Although those people would show no signs of the virus for up to two weeks, they would be capable of infecting others with the germ. Travelers moving through airports that contained infected individuals could pick up the germ and take it to other parts of the United States, even rural areas like Selma.

Johnson estimated that smallpox could kill as many as six out of 10 people it infected. Others would be permanently scarred.

For the last 20 years, there have been no cases of smallpox worldwide because the infection was eliminated through immunizations. Many Americans were immunized for smallpox, but inoculations stopped once the disease was no longer reported.

Johnson said anyone who was immunized more than 20 years ago would have little immunity left.
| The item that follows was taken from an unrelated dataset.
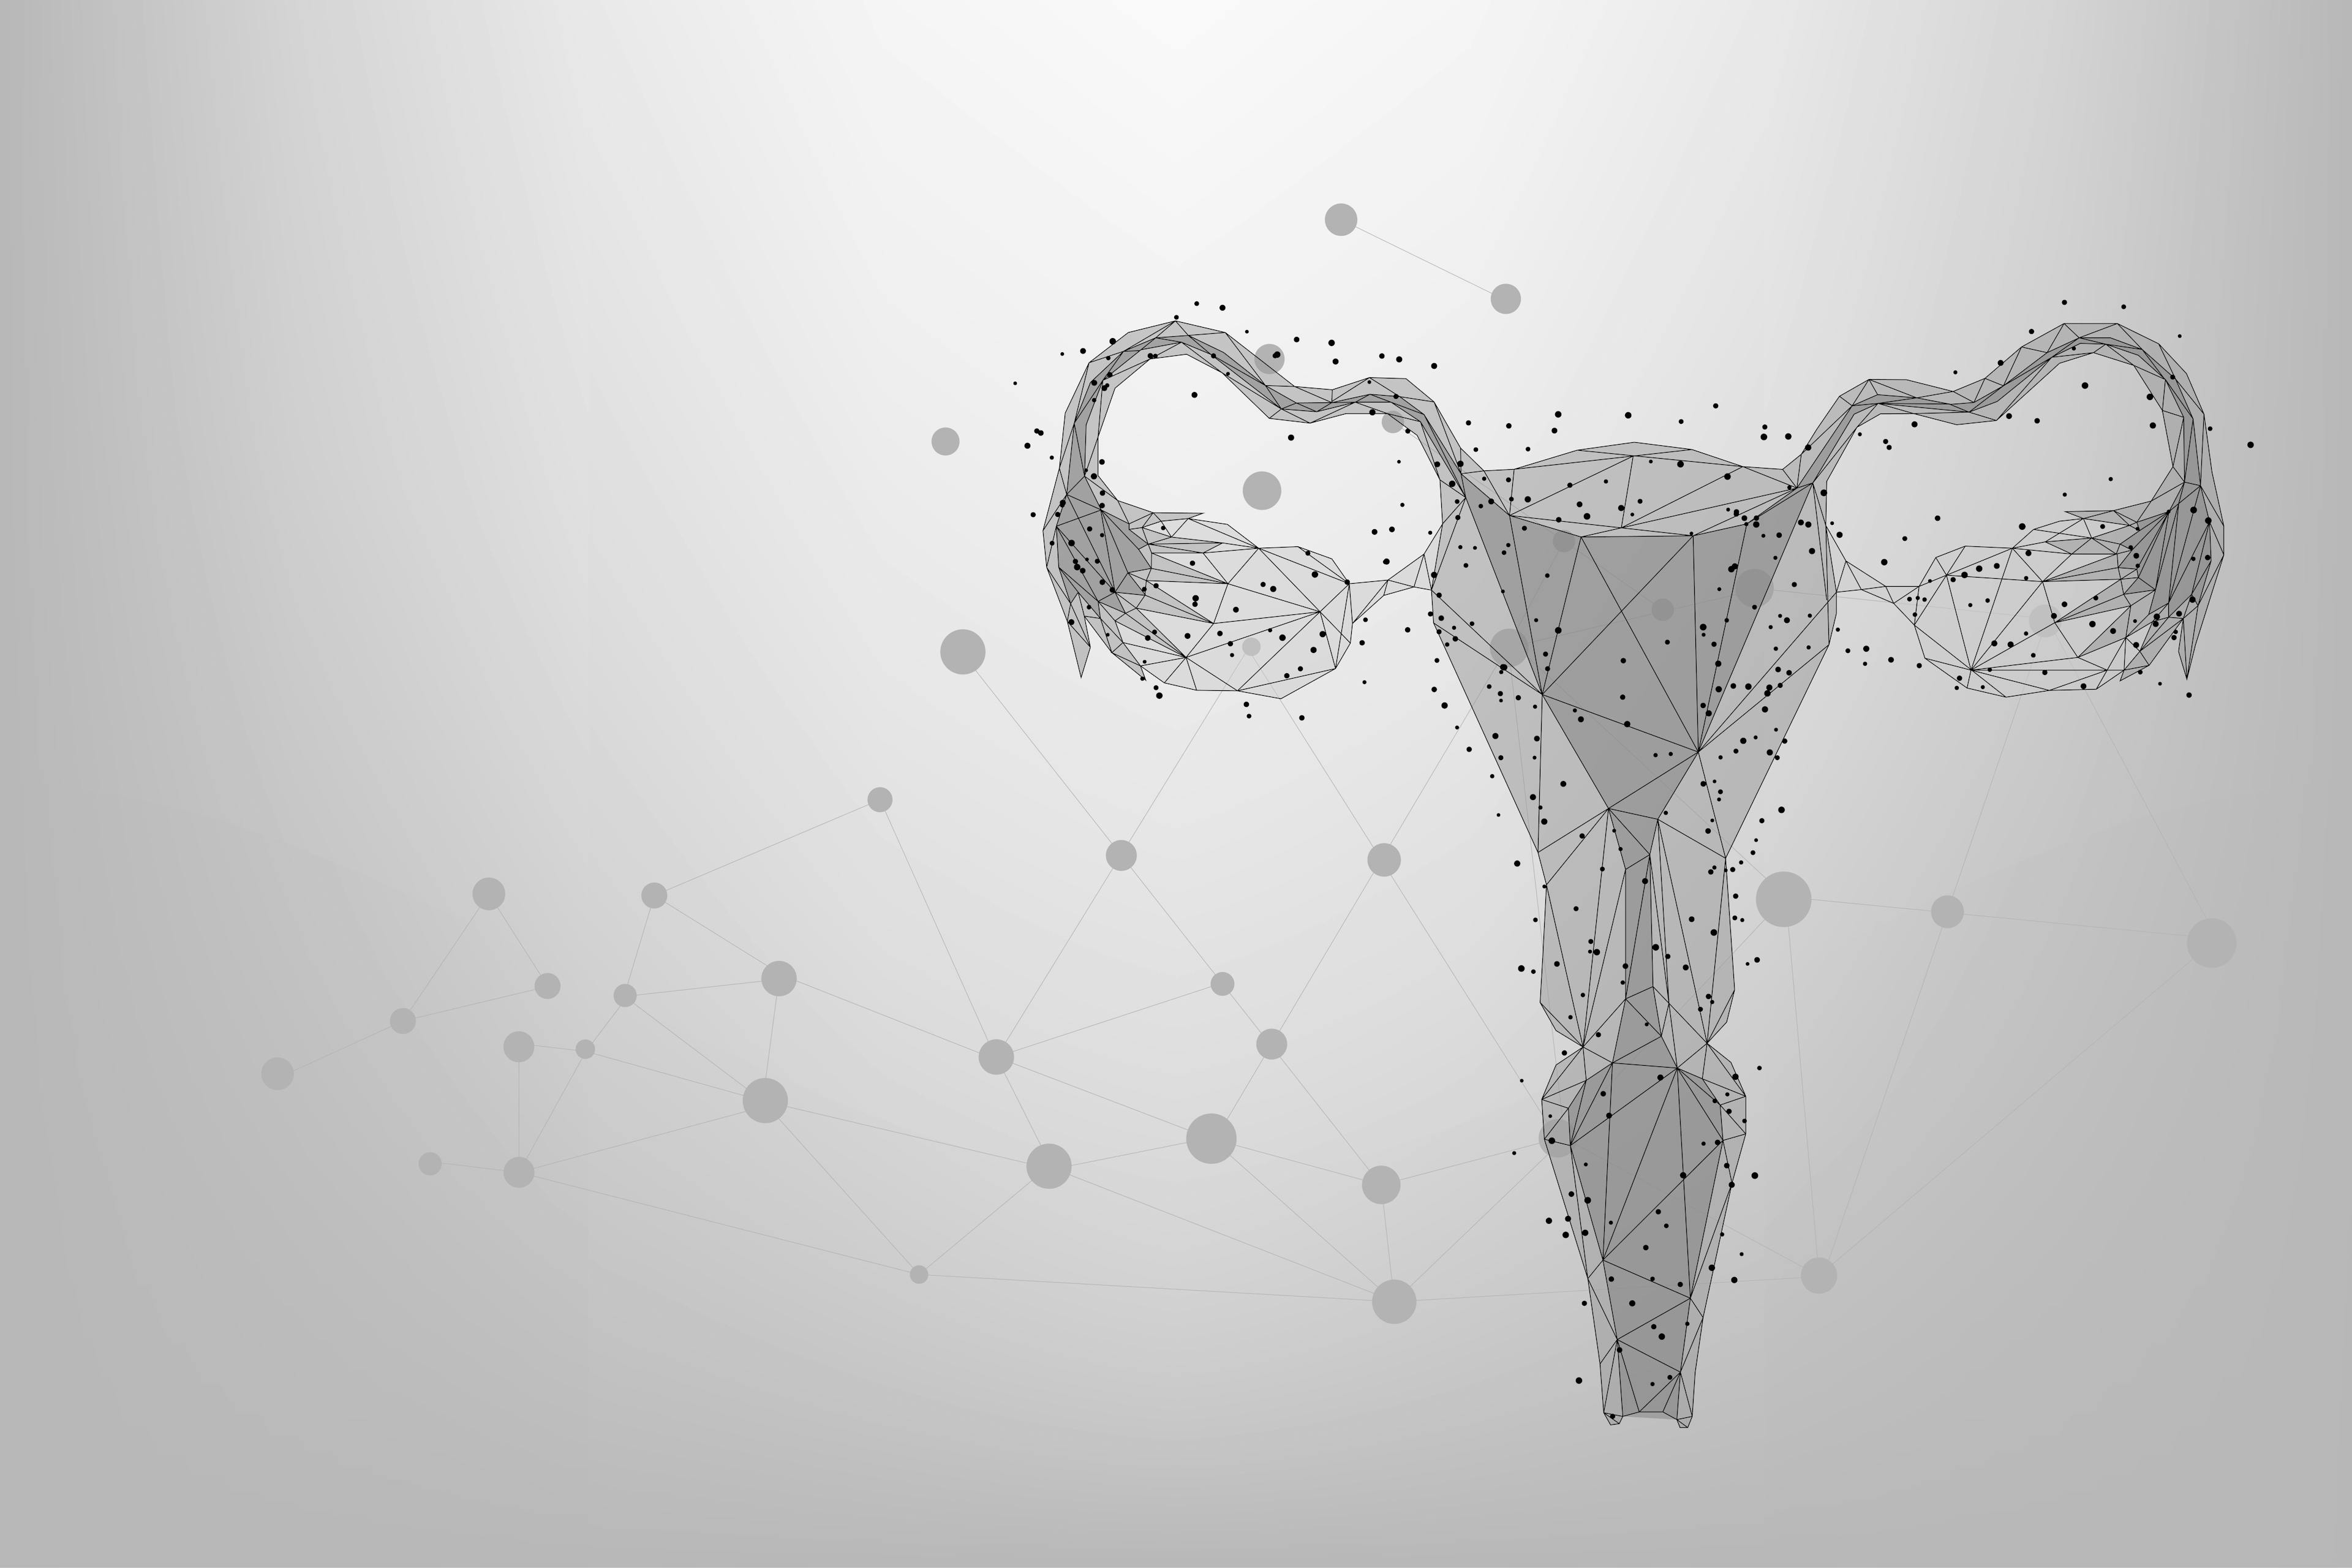 Abstract mesh line and point Ovaries. Low poly female reproductive organs uterus and ovaries health care. Polygonal illustration | Image Credit: © Brazhyk - stock.adobe.com

Johnson said smallpox is known to exist at the Center for Disease Control in Atlanta and at a lab in the former Soviet Union. Some speculate that the virus could have been stolen or purchased when the Soviet Union was collapsing.

Johnson said former Soviet scientists were hired by Iraq after the Soviet Union collapsed.

Johnson said the Bush administration has ordered smallpox vaccine production, estimating that the United States has around 20 million doses on hand at this time.

He also said terrorists could impact rural areas and rural economies by infecting cattle with mad cow disease and by spraying food crops.